The nice thing about barriers or write groups is that you don't need to move to an async API like io_uring to keep issuing write commands to the OS. The kernel can still buffer writes and issue them to the underlying hardware when its ready, and your program can go back to responding to requests. I think that'll always be nicer to work with than some io_uring + sync_file_range combination.

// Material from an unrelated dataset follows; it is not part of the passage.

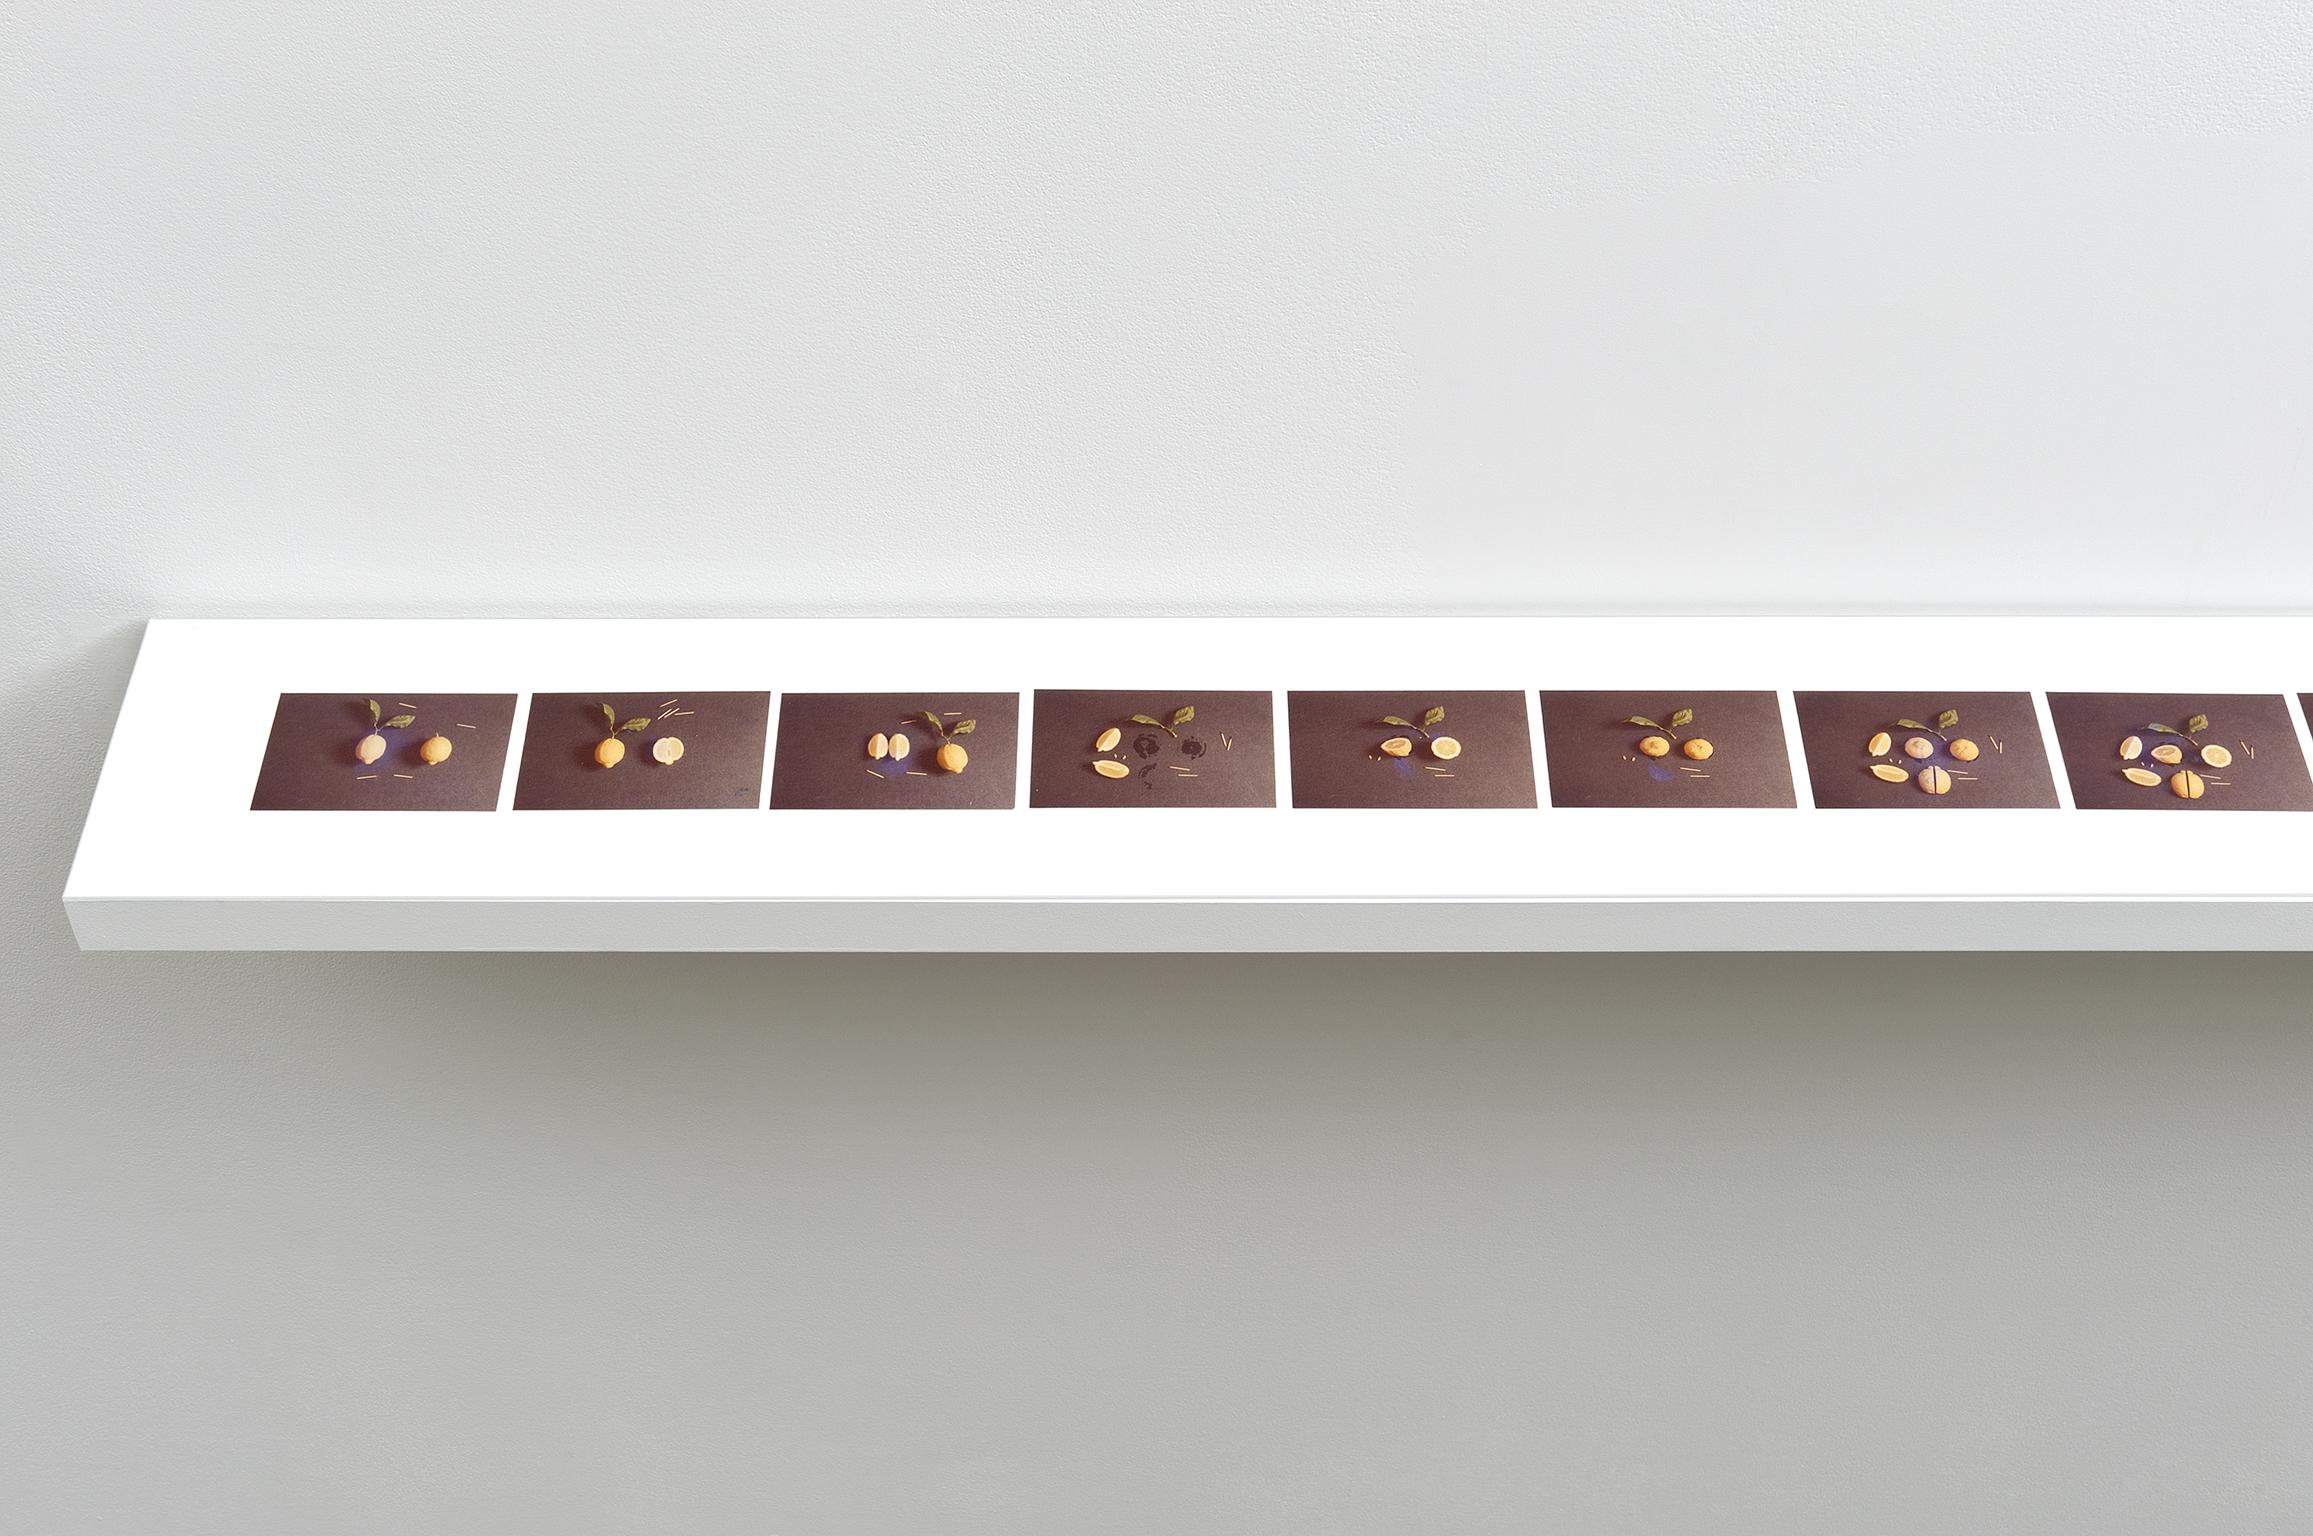 Robert Kleyn, Table with Lemon, 1976, 16 colour photographs, 4 x 5 in. (9 x 12 cm) by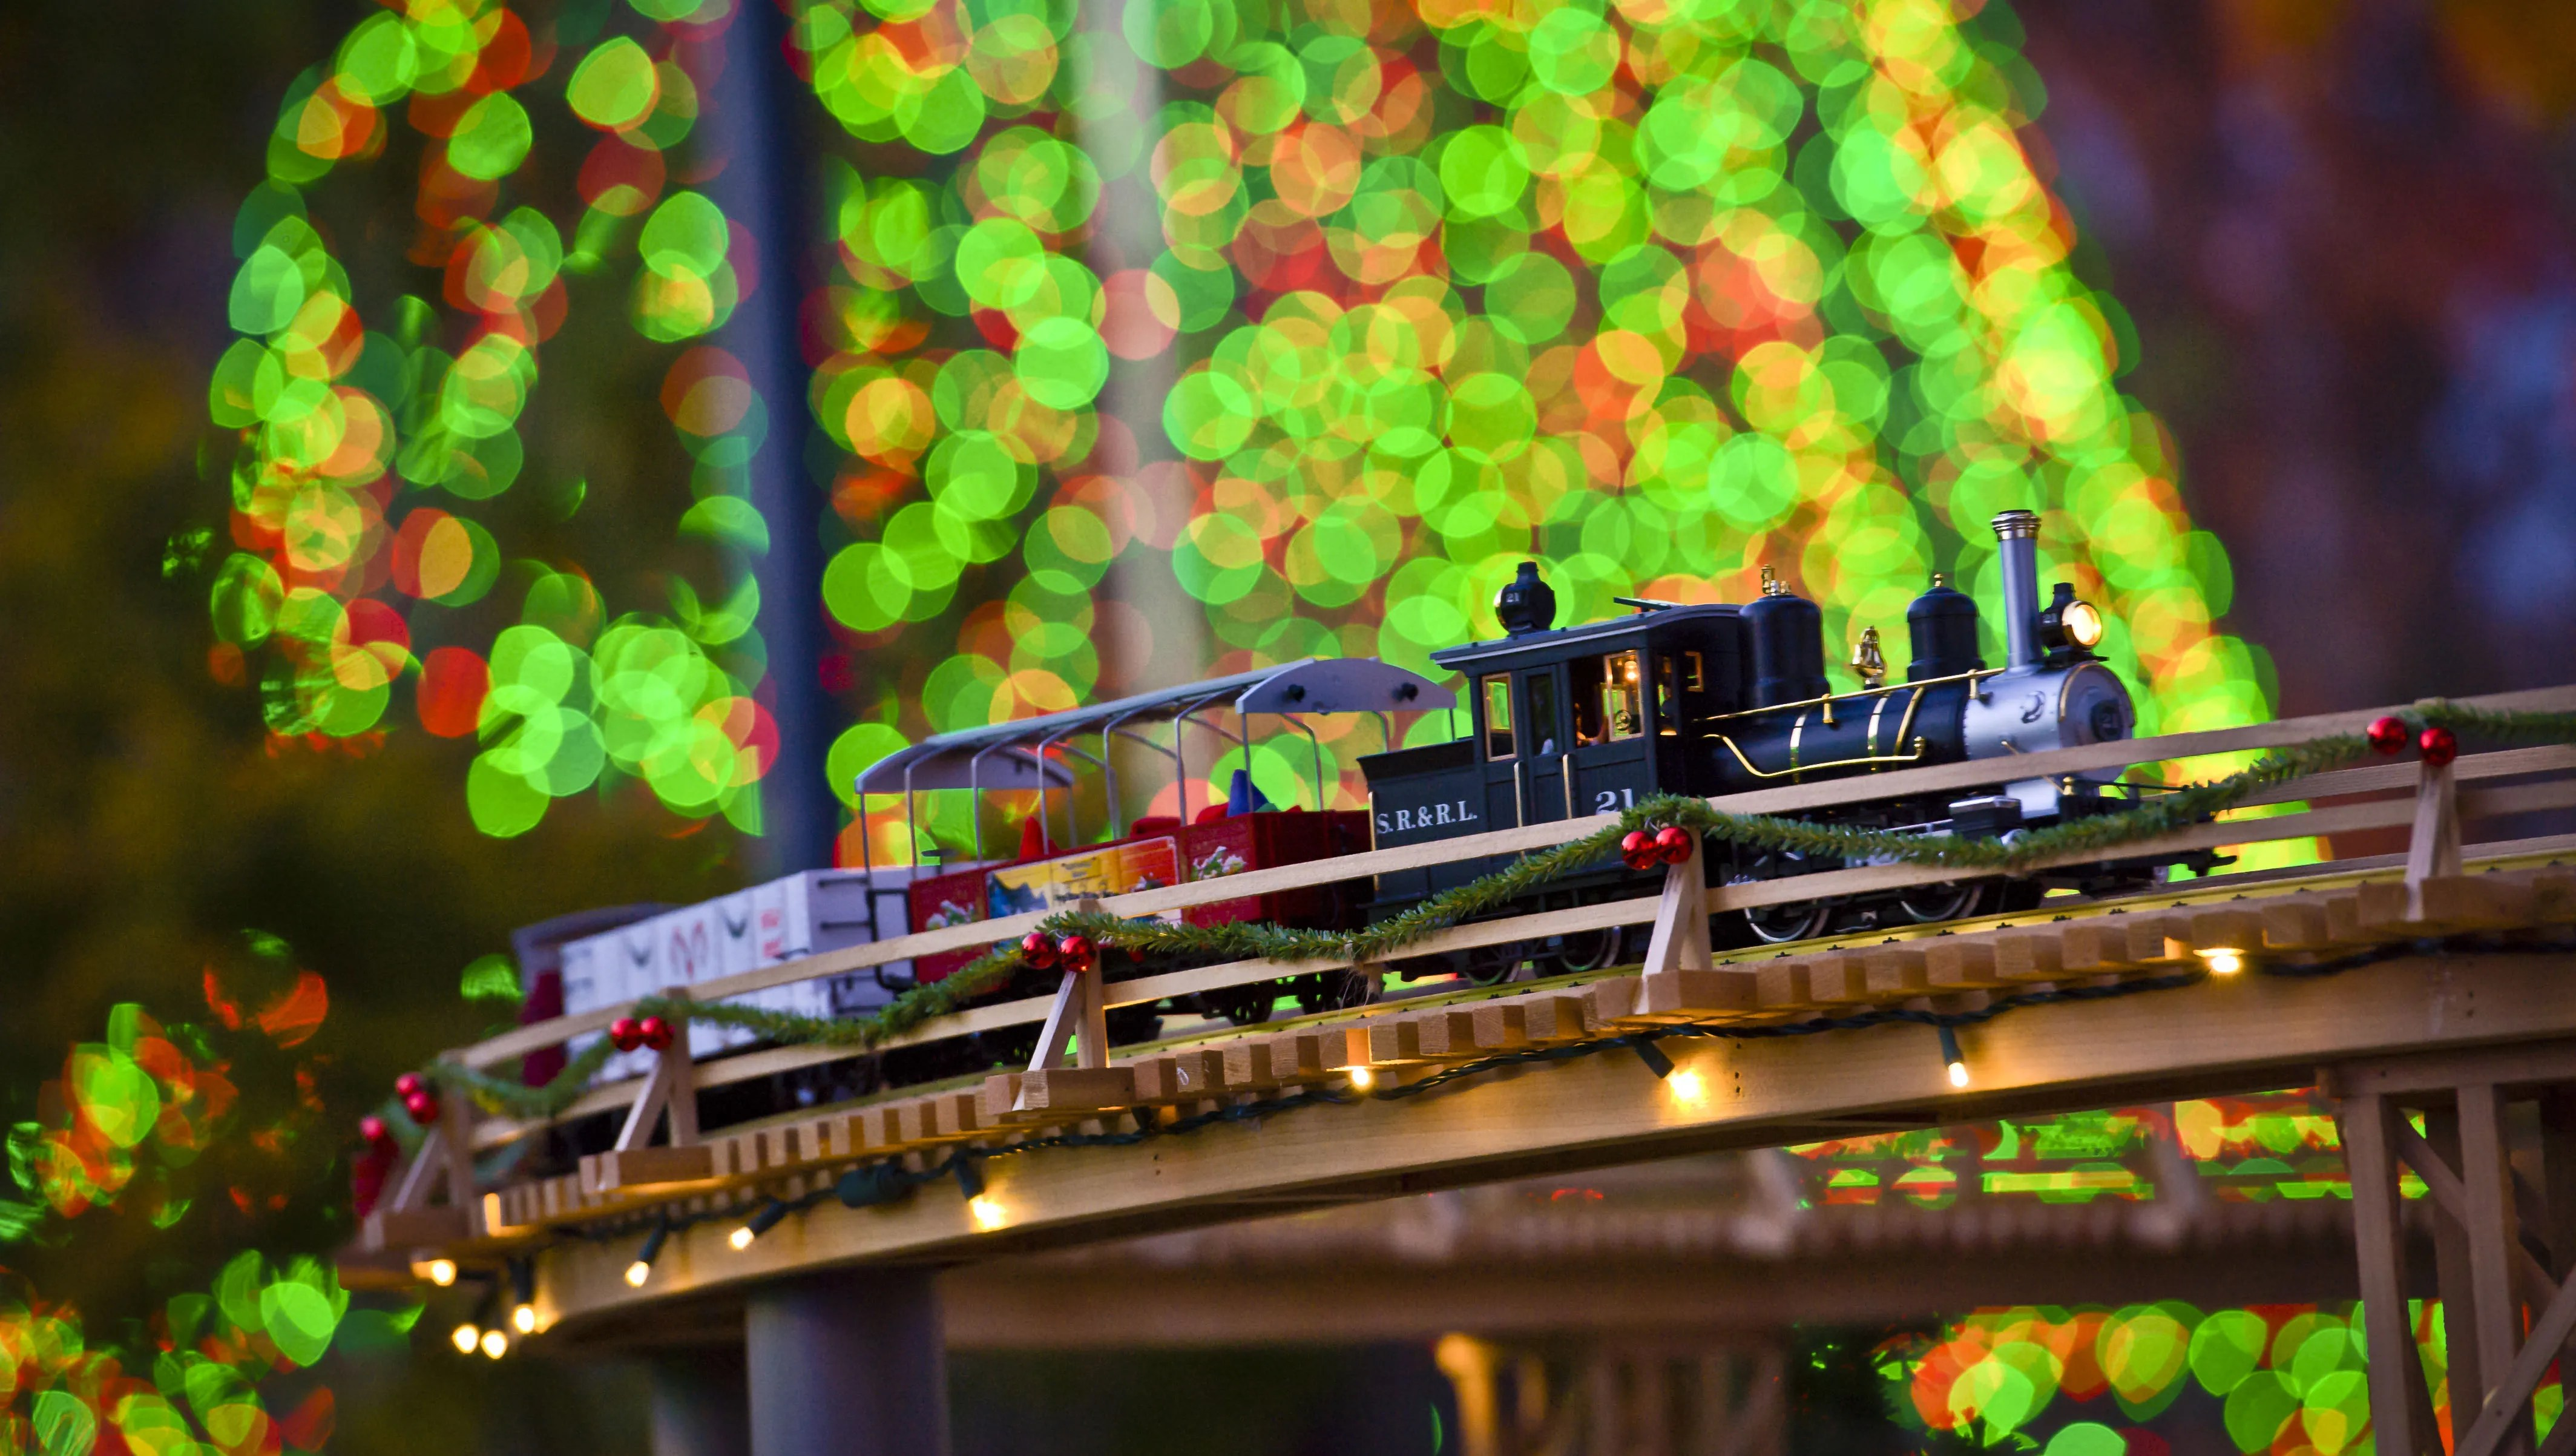 Atlanta Holiday Model Train Display

> Thanks for clarifying. This is utterly ridiculous behaviour. It basically turns any error returned by fsync into a fatal error, because there's no way to know whats gone wrong. And what about the file cache? If I issue a write, followed by a read, my understanding is that the OS can return the "written" data straight from the filesystem cache. But what happens if the subsequent fsync fails? Will reads now once more return the data as it is on disk? If so, I guess the data I get back from my read() calls must suddenly "snap" back to the previous value at some point before fsync returns? What a mess. Oh, and according to the linux man page, some of the specifics of this behaviour are also filesystem-specific. Lovely.
fsync says
fsync() transfers ("flushes") all modified in-core data of (i.e.,
modified buffer cache pages for) the file referred to by the file
descriptor fd to the disk device (or other permanent storage
device) so that all changed information can be retrieved even if
the system crashes or is rebooted. This includes writing through
or flushing a disk cache if present. The call blocks until the
device reports that the transfer has completed.
pretty clearly operating on a per-file basis, and pretty clearly asserting stuff against both the fs cache and the underlying device. it is also pretty clear that it doesn't isolate operations from one process vs. another if they are made against the same file.
yes definitely a write followed by a read without a guaranteed fsync between the two can result in data that "snaps back" to whatever is on disk if that write fails to sync to the device in the future
these things are obviously not ideal, but they are both well-understood and in fact unavoidable, if there will exist a cache between user space fs operations and the underlying physical device
the design of fsync is not improvable in any meaningful way
> the design of fsync is not improvable in any meaningful way
I think fsync should be removed entirely. A completion based API, or simply write barriers like macos does would both be more ergonomic for developers and result in faster software (since you wouldn't need to block your thread waiting for all outstanding writes to be confirmed).
- SQLite itself would be simpler and probably faster if it could run on top of a better OS-level API
- It doesn't make sense to build every other program on top of SQLite. Eg, other databases (redis, postgres), anything performance sensitive, etc. The filesystem is the system interface. Not sqlite.
Aesthetically, its also pretty gross to make a mess in POSIX, then solve it in userland (via sqlite). Its much better to just have the OS expose an API that is actually nice to work with and avoid all the slowdown, complexity and bugs which can arise from the nasty fsync API. As an example, redis runs a whole extra userland thread dedicated to issuing fsync commands to the operating system. There's a whole signalling system needed to manage that thread. With an API like the GP proposed, none of that code would be needed.